10 minute tutorial¶
Contents
This tutorial is an introduction to tunacell’s features. A script is
associated in the Github repository at scripts/tutorial.py
.
If you cloned the repo, you can use the Makefile recipe make tuto
.
You do not need to plug in your data yet, as we will use numerically simulated data.
Generating data¶
To generate data, you can use the tunasimu
command from a terminal:
$ tunasimu -s 42
where the seed option is set to generate identical data that what is exposed on this page. The terminal output should resemble:
Path: /home/joachim/tmptunacell
Label: simutest
simulation: 100%|██████████████████████████████████████████████████████████████████████| 100/100 [00:00<00:00, 113.94it/s]
The progress bar indicates the time it takes to run the numerical simulations.
A new folder tmptunacell
is created in your home directory, it contains a
fresh new experiment called simutest
, composed of numerically
generated data, and everything needed for tunacell
’s reader functions to work
out properly.

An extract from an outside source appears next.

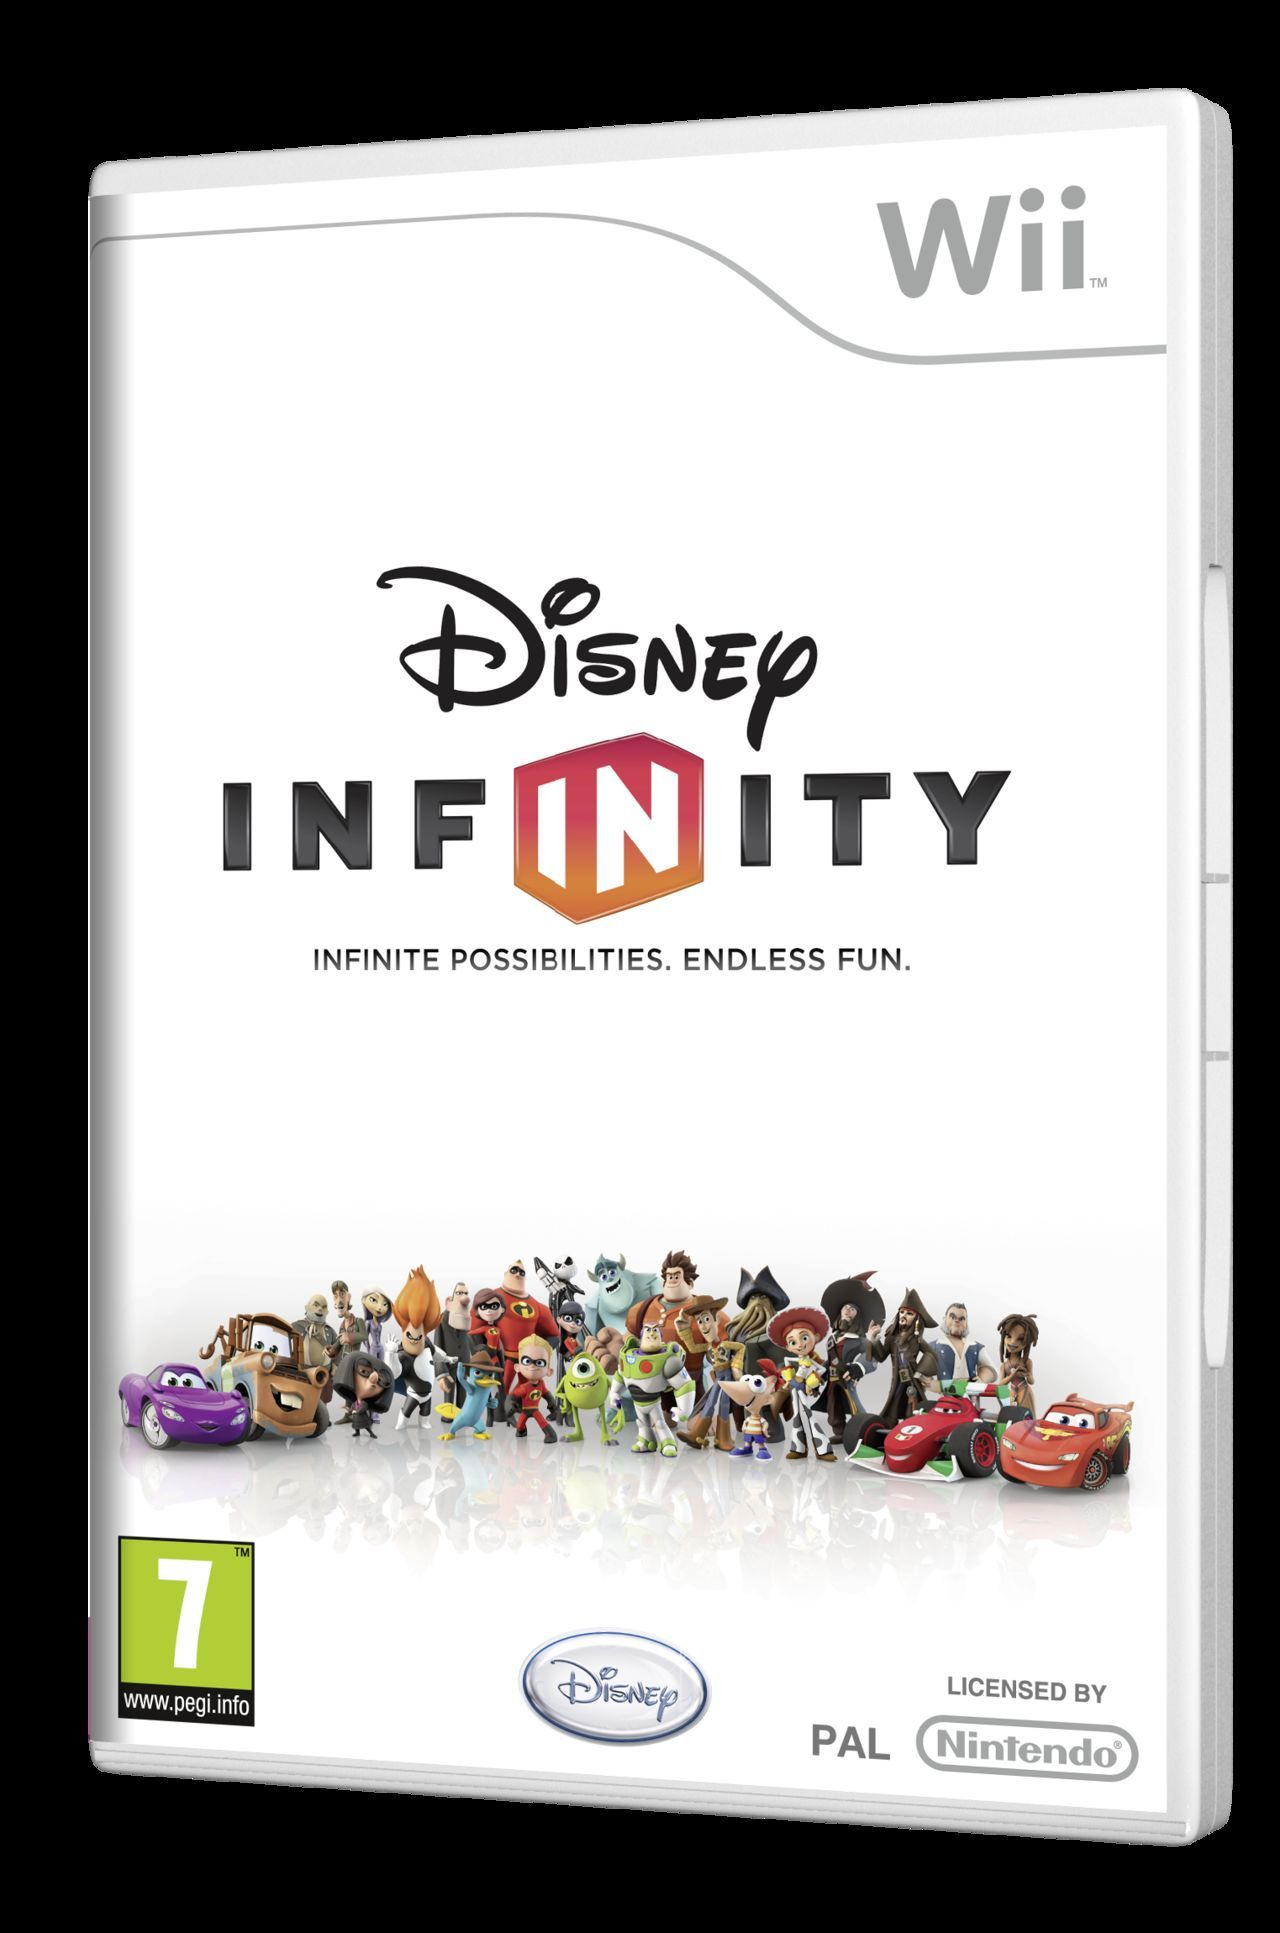 Disney Infinity [MULTI4][USA] Disney-infinity-2013817173740_1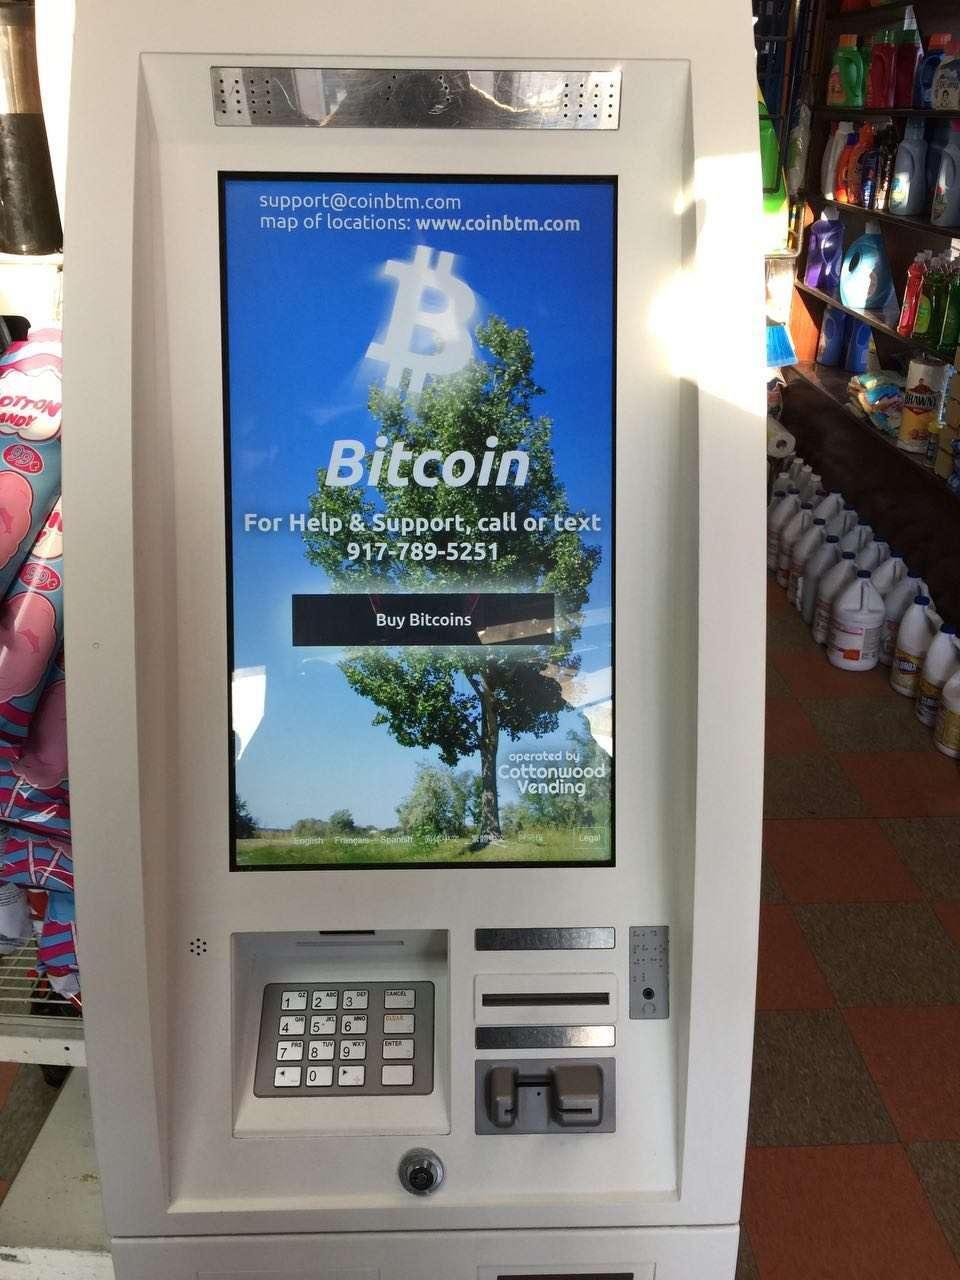 CoinBTM - Bitcoin ATM - atm  | Photo 6 of 7 | Address: 5401 Flatlands Ave, Brooklyn, NY 11234, USA | Phone: (917) 789-5251

The name simutest
is set by default; it can be set otherwise
using the -l
option, though keep in mind other scripts are set to read the
simutest
by default.
Note
If you are not familiar with the term “numerical simulations”, it means generating “fake” data, that look like what would be observed in actual experiments, but are constructed with controled, specific assumptions. Our assumptions are described in Numerical simulations in tunacell.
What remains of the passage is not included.